Second Circuit Upholds SAFE Act, Mostly

This is not really much of a surprise, as the Second Circuit has been in open defiance of Heller and McDonald since the Court handed down those decisions. The Second Circuit sustained the unconstitutionality of the seven round load limit, made by the lower court, but also invalidated the ban on the pump-action Remington 7615.

You can read the whole opinion here. They followed the same reasoning as the Heller II court, arguing that they are indeed in common use, and typically possessed for lawful purposes. But they put all that aside and said they could be banned anyway. The reasoning is even worse than in Heller II.

Heightened scrutiny need not, however, “be akin to strict  scrutiny when a law burdens the Second Amendment” — particularly when that burden does not constrain the Amendment’s “core” area of protection. The instant bans are dissimilar from D.C.’s unconstitutional prohibition of “an entire class of ‘arms’ that is overwhelmingly chosen by American society for [the] lawful purpose” of self‐defense.94 New York and Connecticut have not banned an entire class of arms. Indeed, plaintiffs themselves acknowledge that there is no class of firearms known as “semiautomatic assault weapons”—a descriptor they call purely political in nature.95 Plaintiffs nonetheless argue that the legislation does prohibit “firearms of a universally recognized type—semiautomatic.” Not so. Rather, both New York and Connecticut ban only a limited subset of semiautomatic firearms, which contain one or more enumerated military‐style features.

In other words, it bans an entire class of arms, but we’ll just use some trickery and tell you how it really doesn’t. After that it’s your basic Intermediate Scrutiny two-step. One wonders why the Court of Appeals even bothered with the first part of the analysis.

Again, the lower courts are in open revolt against Heller and McDonald, and I do not think the Supreme Court has any stomach to put the revolt down. If we can win the White House in 2016, we need to call on Congress to save the states which treat the Second Amendment as if it were toilet paper.

11 Responses to “Second Circuit Upholds SAFE Act, Mostly”

  1. Archer says:

    One wonders why the Court of Appeals even bothered with the first part of the analysis.
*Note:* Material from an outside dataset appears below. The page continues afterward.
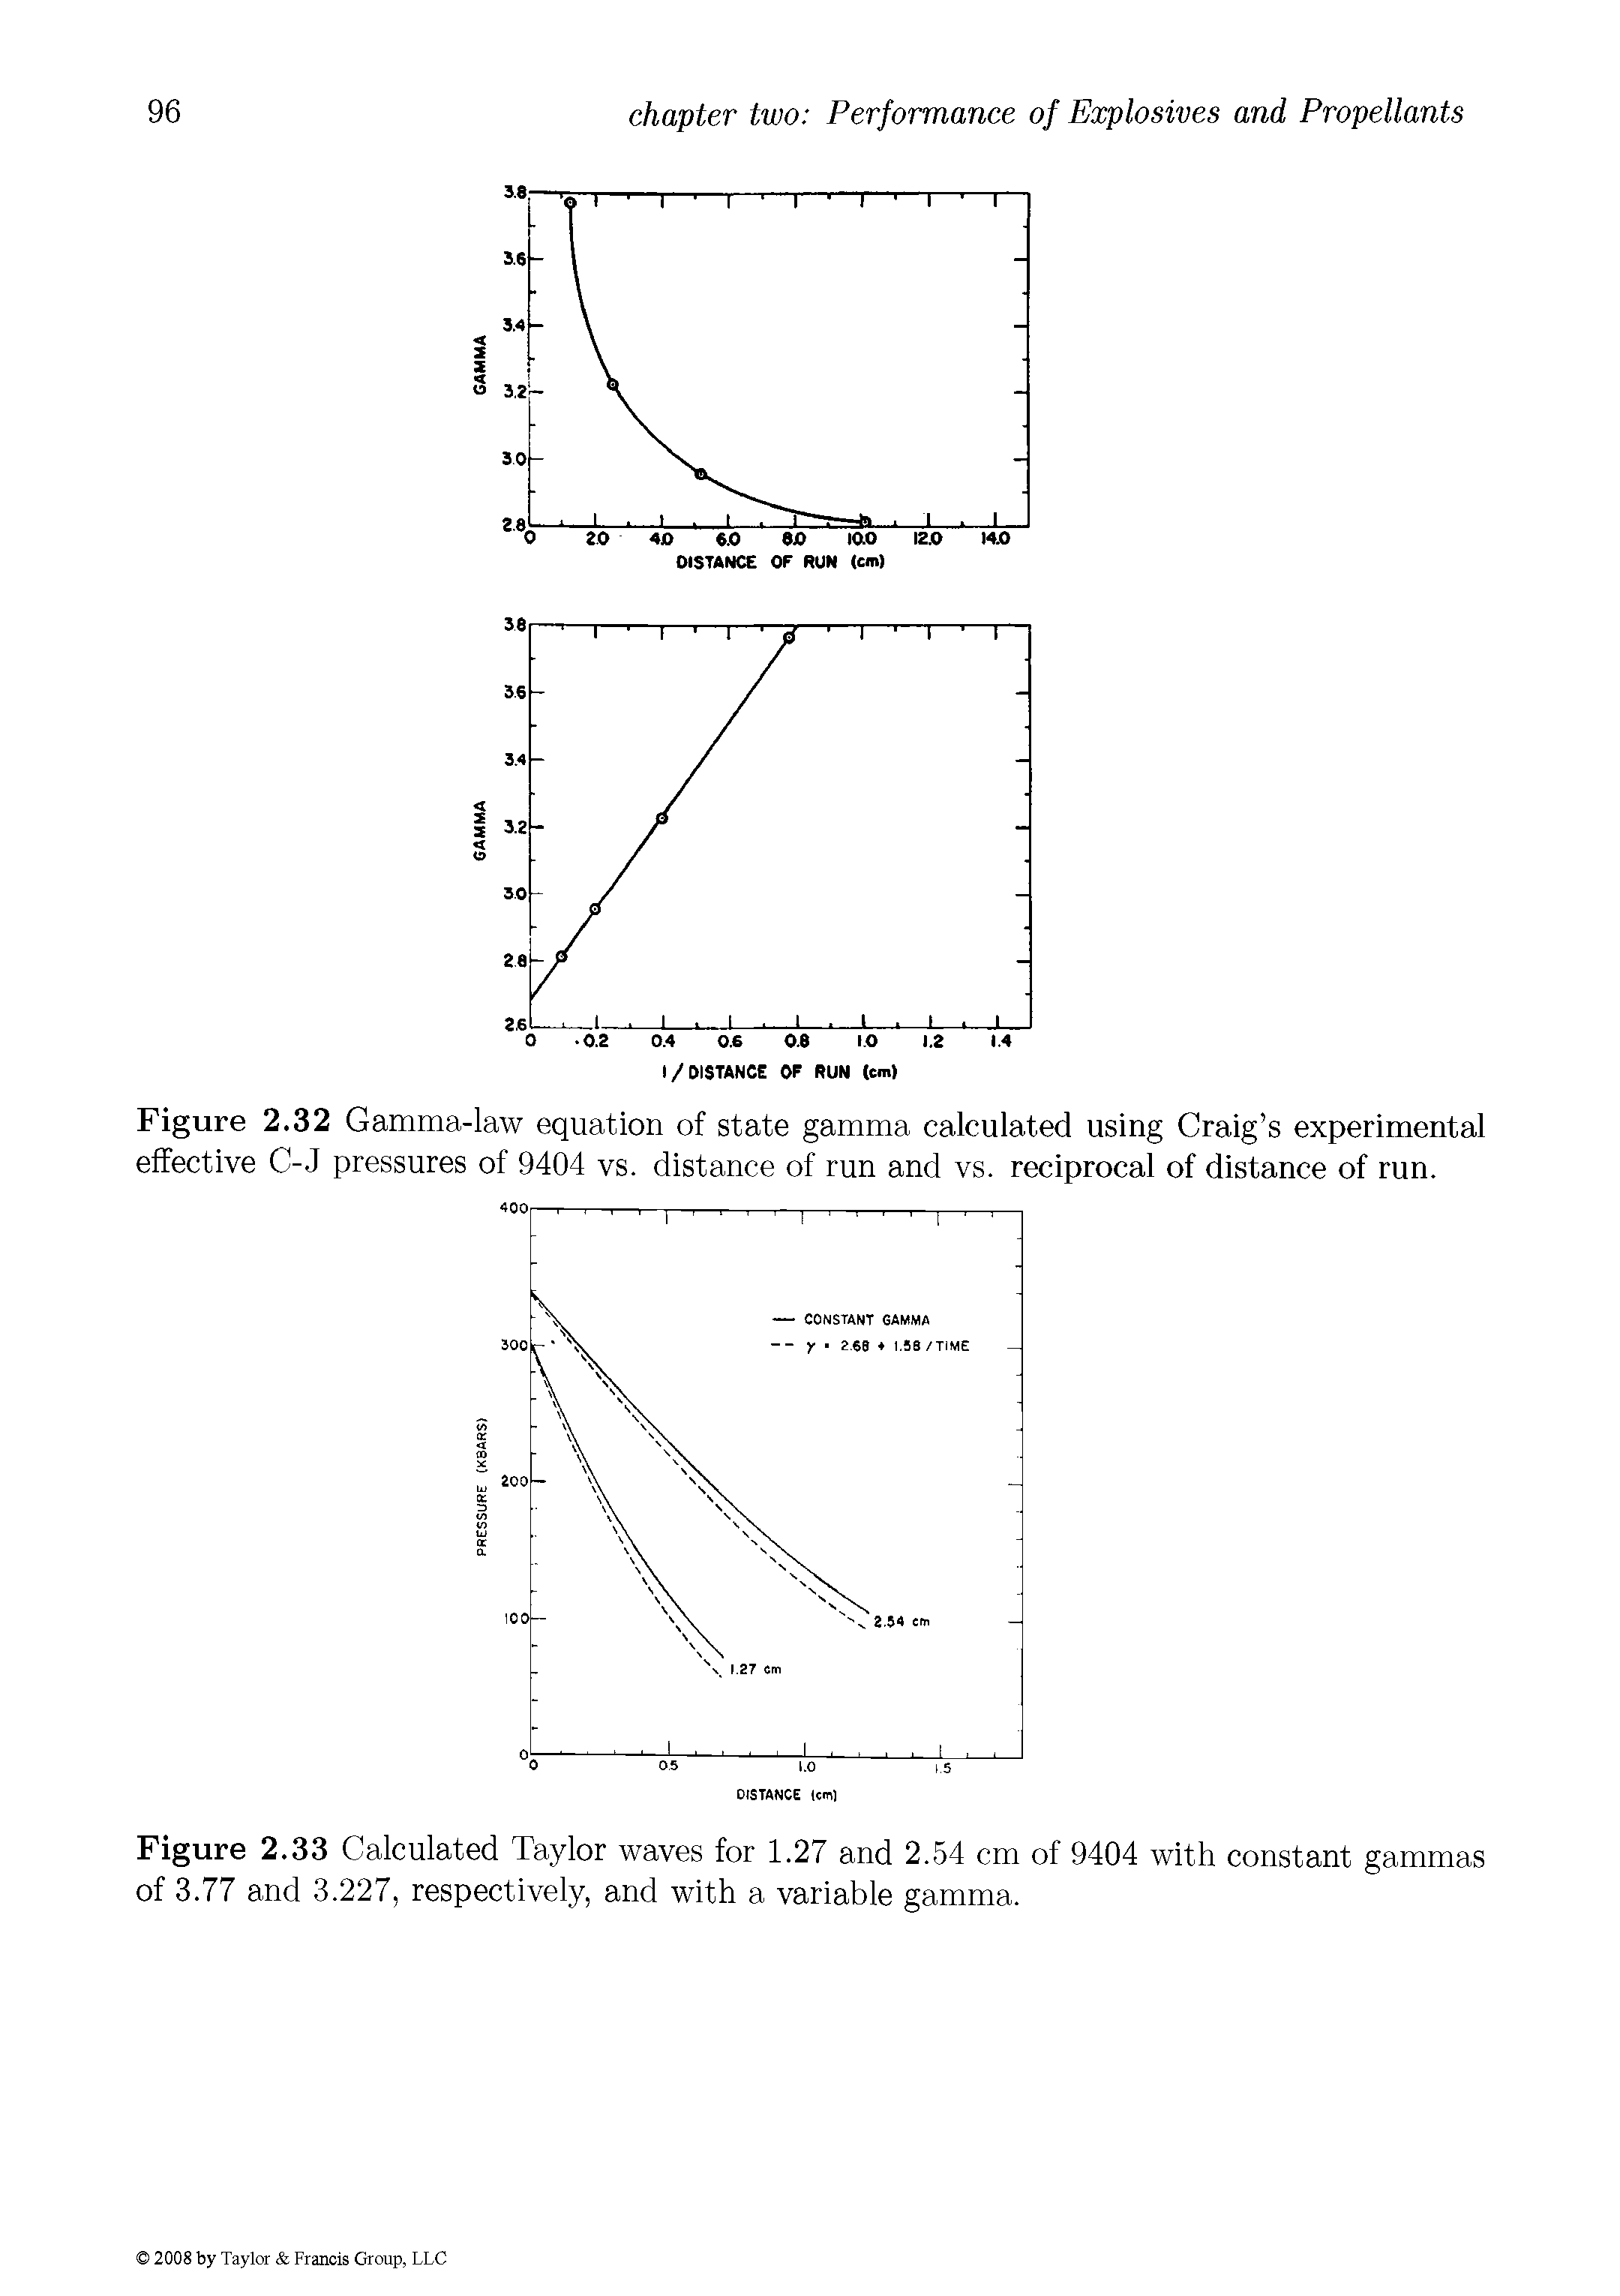 Figure 2.33 Calculated Taylor waves for 1.27 and 2.54 cm of 9404 with constant gammas of 3.77 and 3.227, respectively, and with a variable gamma.

    The legalese language translates roughly as, “There’s no argument you can make that we can’t talk our way around. Because you’re stupid and we hate you. So there. Neener neener.”

    Including that jab (albeit using larger words) justifies itself.

  2. HSR47 says:

    We need to make congress do something regardless of what happens in the 2016 election. Regardless of what the president does, the courts need to see congress acting, so that they see the clear will of the people.

    • Patrick says:


      Maybe the next Speaker will let the rank and file start attaching amendments to bills, or to at least vote on them. Imagine pro-gun amendments to EPA funding bills.

      That has been the big issue: GOP leadership locked down committees and rules to prevent House members from even proposing amendments (where the real action lives).

      Hillary just went all gun-control and is pushing it harder than lady-parts issues. She went from “War On Womyn” to “War on Bitter-Clingers”. She seems to think it is a dividing line worth fighting for – does the GOP think the same?

      Time will tell.

      • Stephen says:

        If we elect a Democrat President and don’t punish at least some of the Democrats in Congress (or worse yet — let them take over the Senate or House again) then the people WILL have spoken. The Dems have made it clear as a party they are going all-out anti-gun. And if they get elected anyway … well, they will have proof the American people are OK with taking guns away.

        Forget voting for individuals these days. It’s pretty much all party politics. A vote for just about any democrat (I know there are exceptions, like Webb, but they are still riding the party platform) is a vote against guns.

  3. Maxpwr says:

    Time for an new, clearer right to keep and bear arms amendment. Constitutional Convention if we need to.

  4. Maxpwr says:

    And regarding the fact that they didn’t ban the Remington 7615…they just said that they didn’t have enough evidence to ban them but come back in a few years and we’ll let you ban them too. Nothing is safe. Not even your FUDD guns.

    • Brad says:

      Clearly I am not up to speed on the SAFE ACT. Is it so badly written that even a pump action rifle is at risk? How?

      • Chris from AK says:

        IIRC, the 7615 was banned by name in CT’s law.

        The Court negated the ban because… well… the reasoning was unclear to me as to how it was much different than anything else. I guess because it doesn’t have “military style” features?

  5. Windy Wilson says:

    I’m curious here. What parts of the First, Fourth, Fifth, and Sixth Amendments have “heightened scrutiny” and not “strict scrutiny”? Which parts of the various Articles of the Constitution have “intermediate scrutiny”, “heightened scrutiny” and not “strict scrutiny”?
    Also, when we’re talking about phrases and rights from the Constitution and its amendments, why does “rational basis” play any part at all?

  6. The reasoning is that like saying that freedom of speech is not impaired by a ban on burning the U.S. flag because, to parody the decision of p. 33: because “adequate alternatives remain for law‐abiding citizens to express their opposition to the U.S.: signs and chanting.”